• Task:
Reproduce verbatim the lines of the material below, starting at the line with "Sunrise and Dwarf" and ending at the line with "f5a8d0f3702b Where Turin", both inclusive; skip the rest.

• Supplied material:
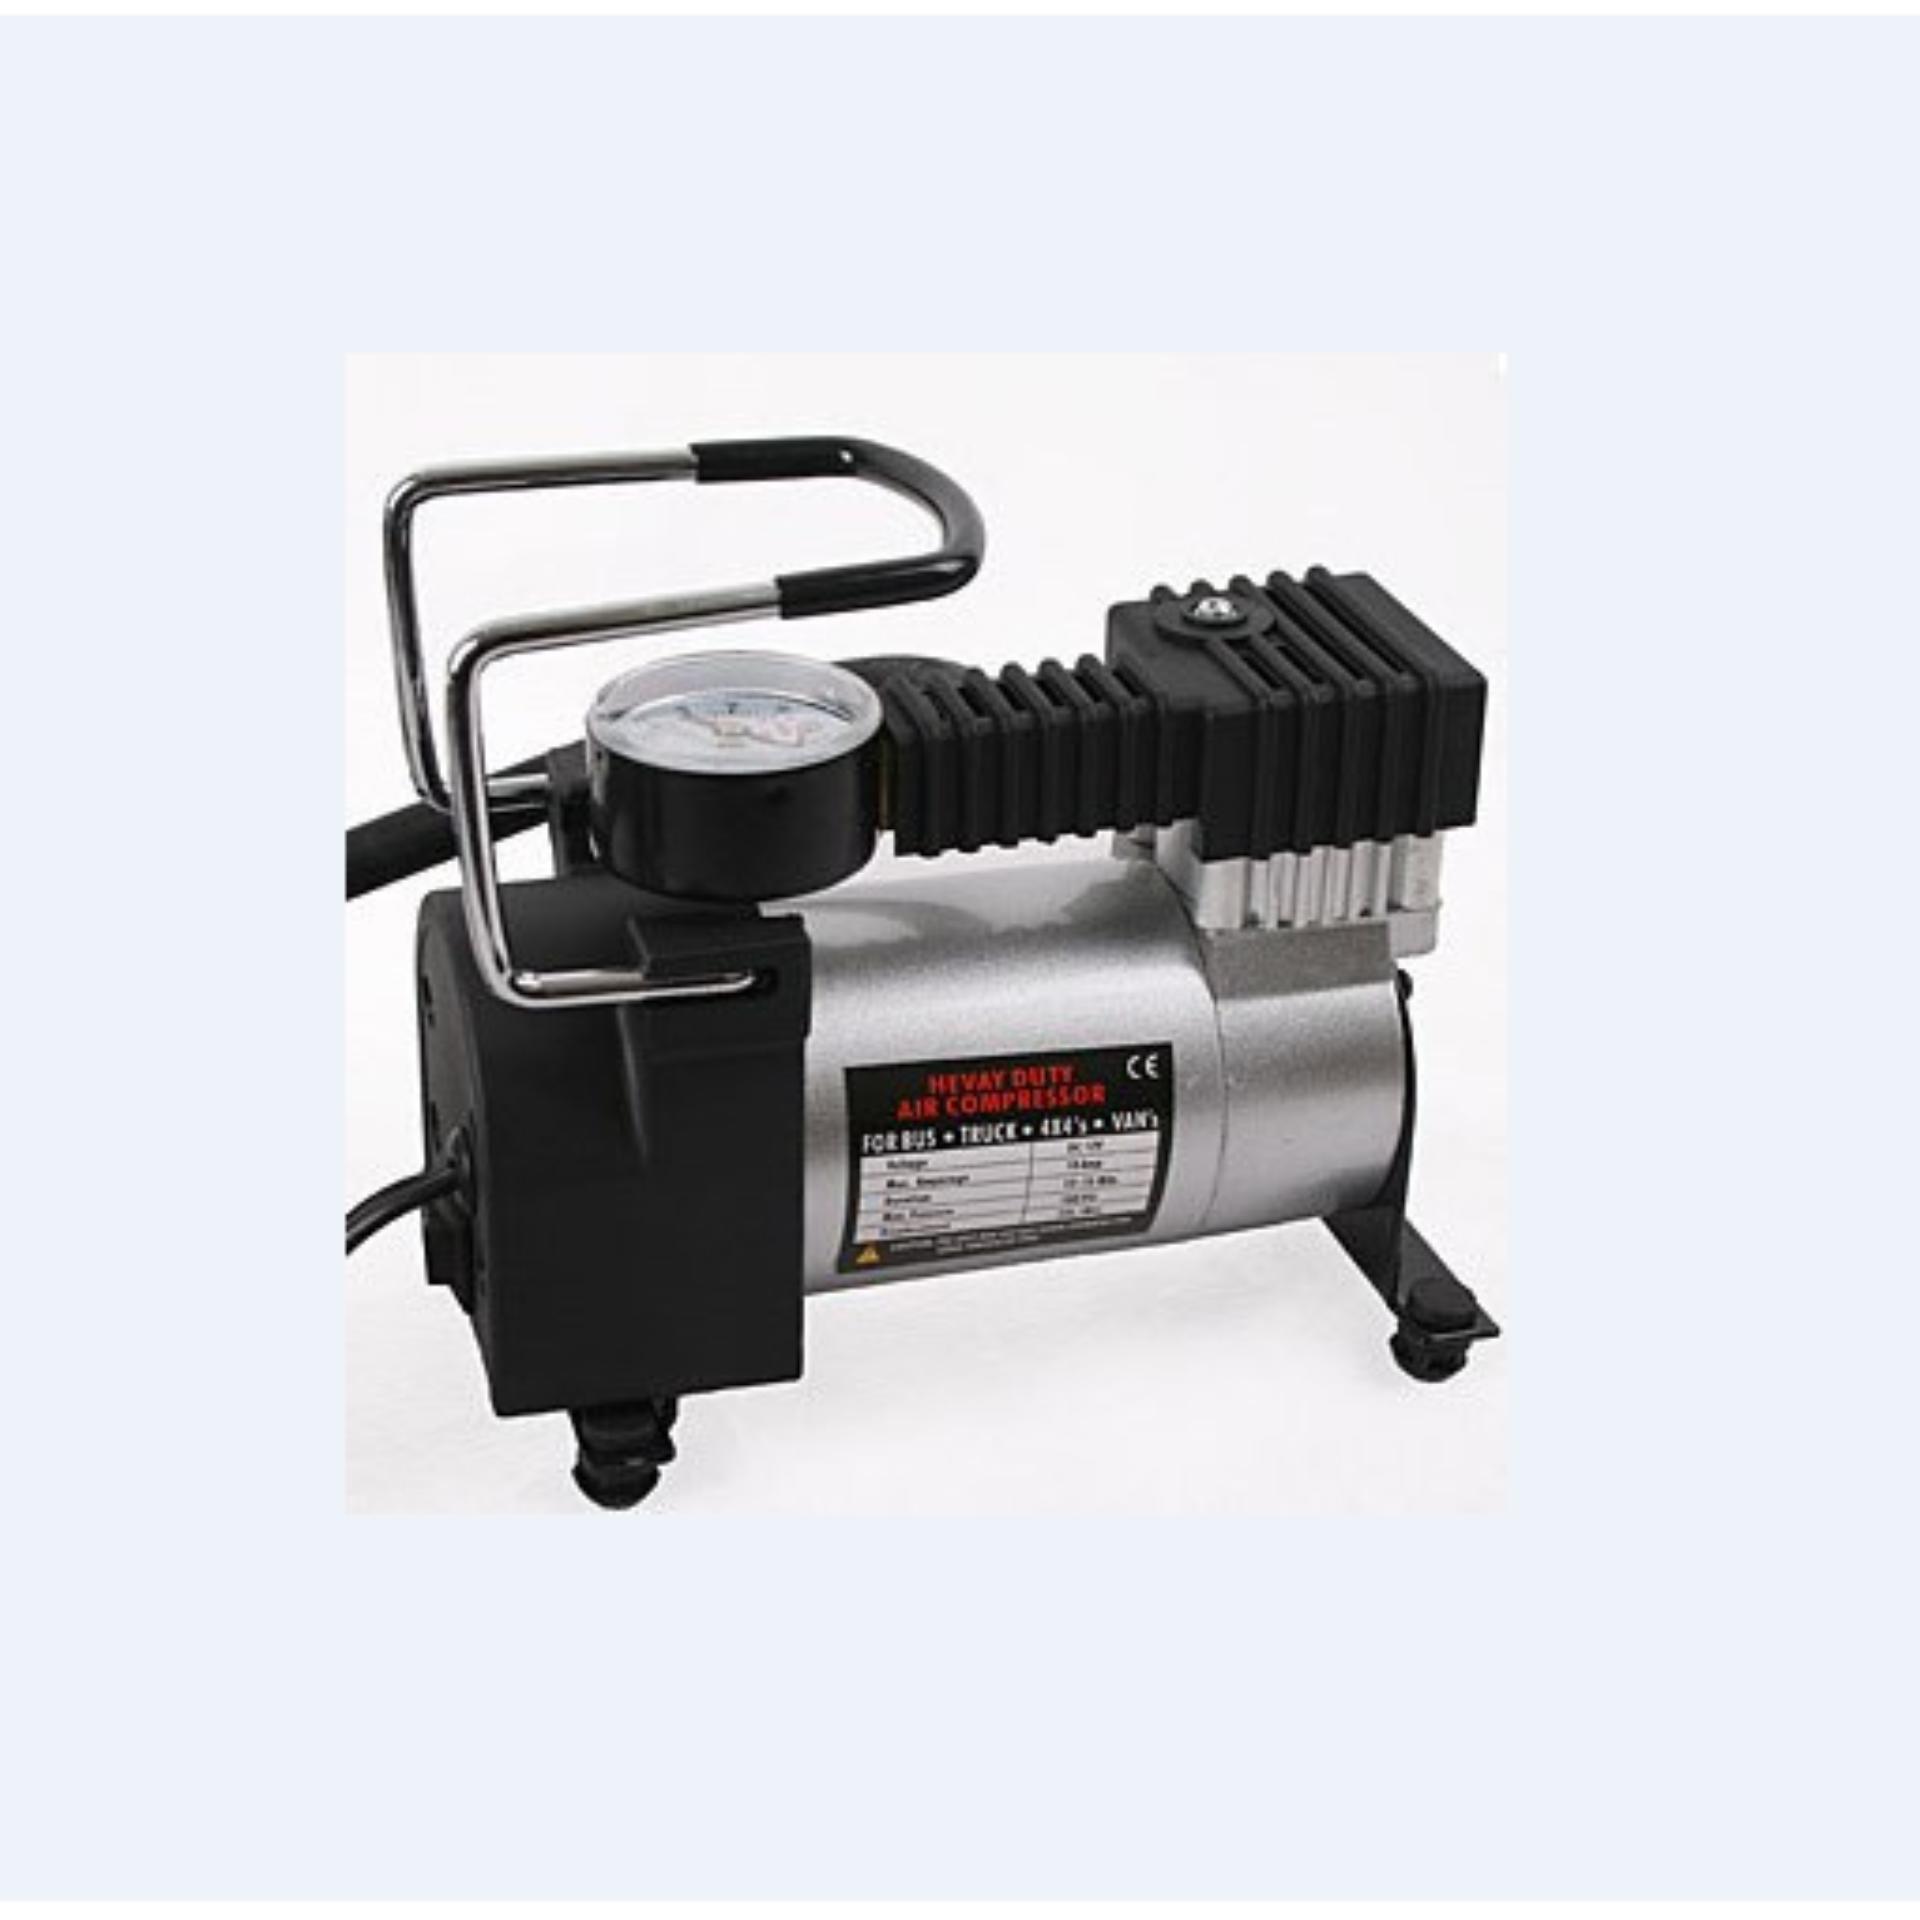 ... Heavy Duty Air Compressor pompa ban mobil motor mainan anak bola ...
...
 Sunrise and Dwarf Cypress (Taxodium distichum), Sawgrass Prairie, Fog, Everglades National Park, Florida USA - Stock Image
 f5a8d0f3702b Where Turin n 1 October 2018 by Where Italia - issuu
==
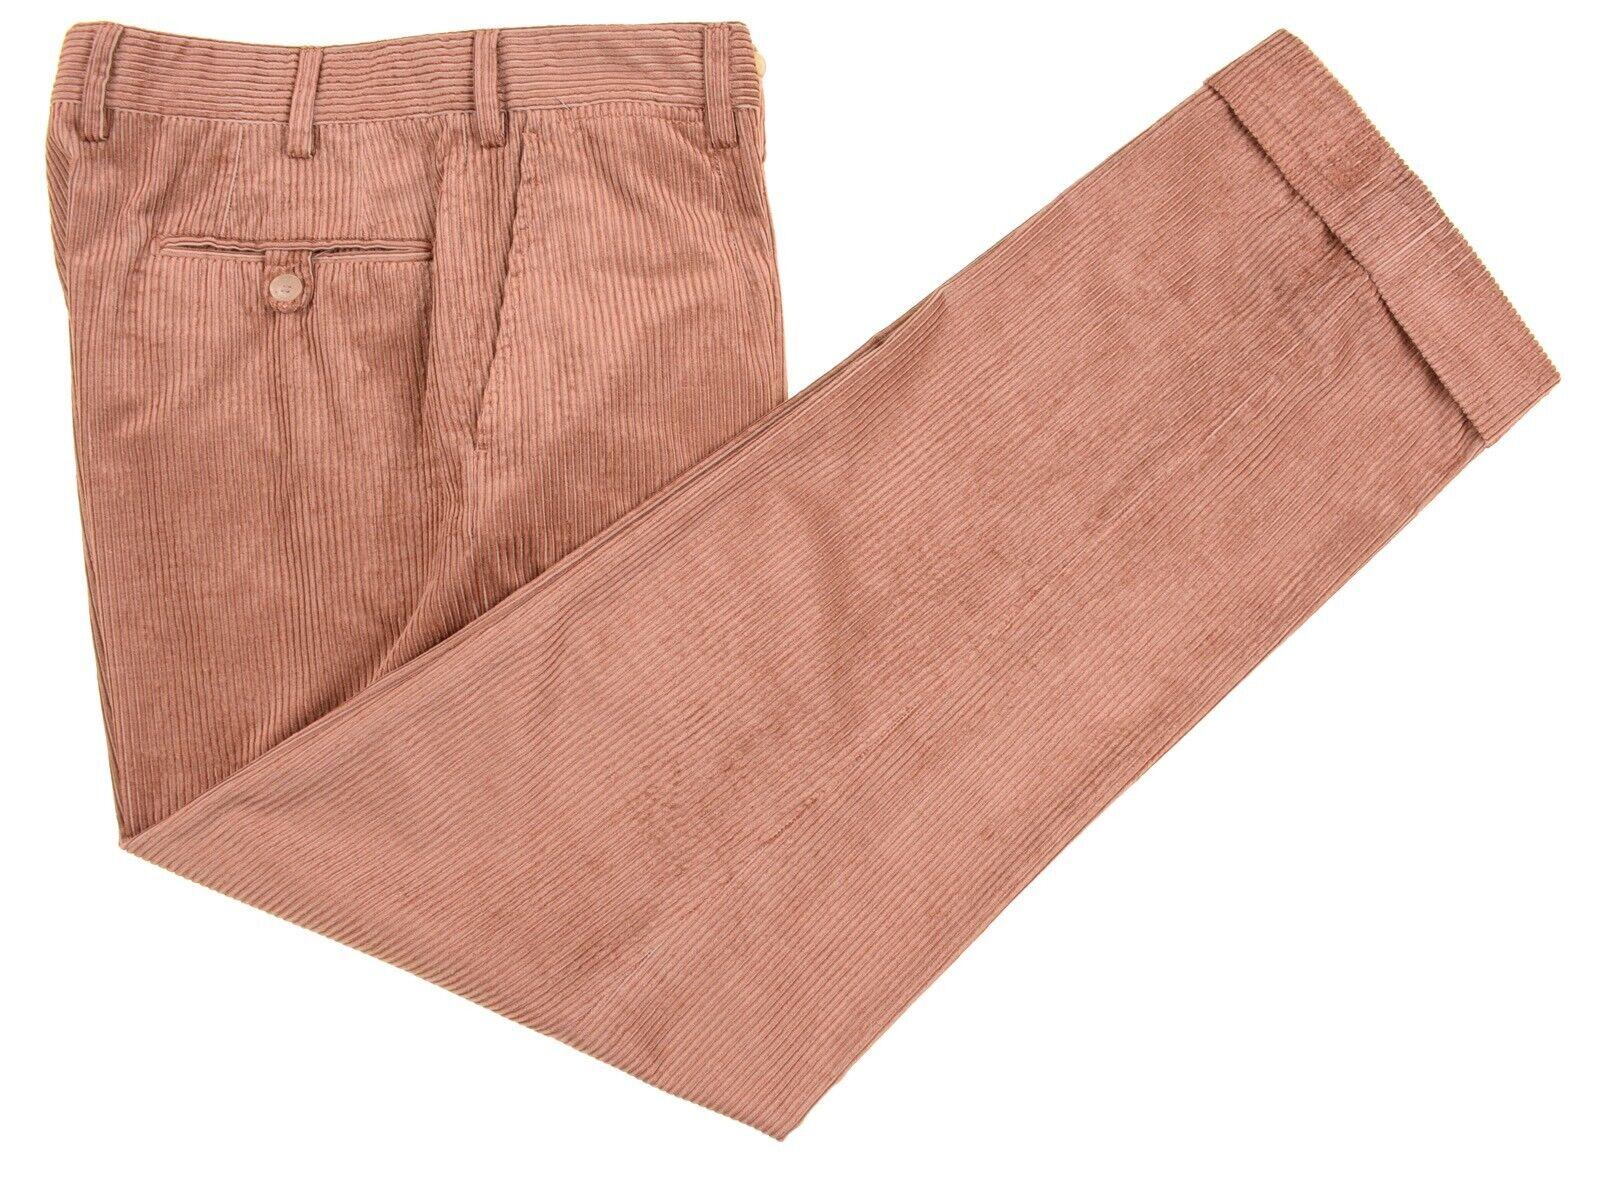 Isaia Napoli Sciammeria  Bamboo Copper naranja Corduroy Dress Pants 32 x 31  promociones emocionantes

• Response:
 Sunrise and Dwarf Cypress (Taxodium distichum), Sawgrass Prairie, Fog, Everglades National Park, Florida USA - Stock Image
 f5a8d0f3702b Where Turin n 1 October 2018 by Where Italia - issuu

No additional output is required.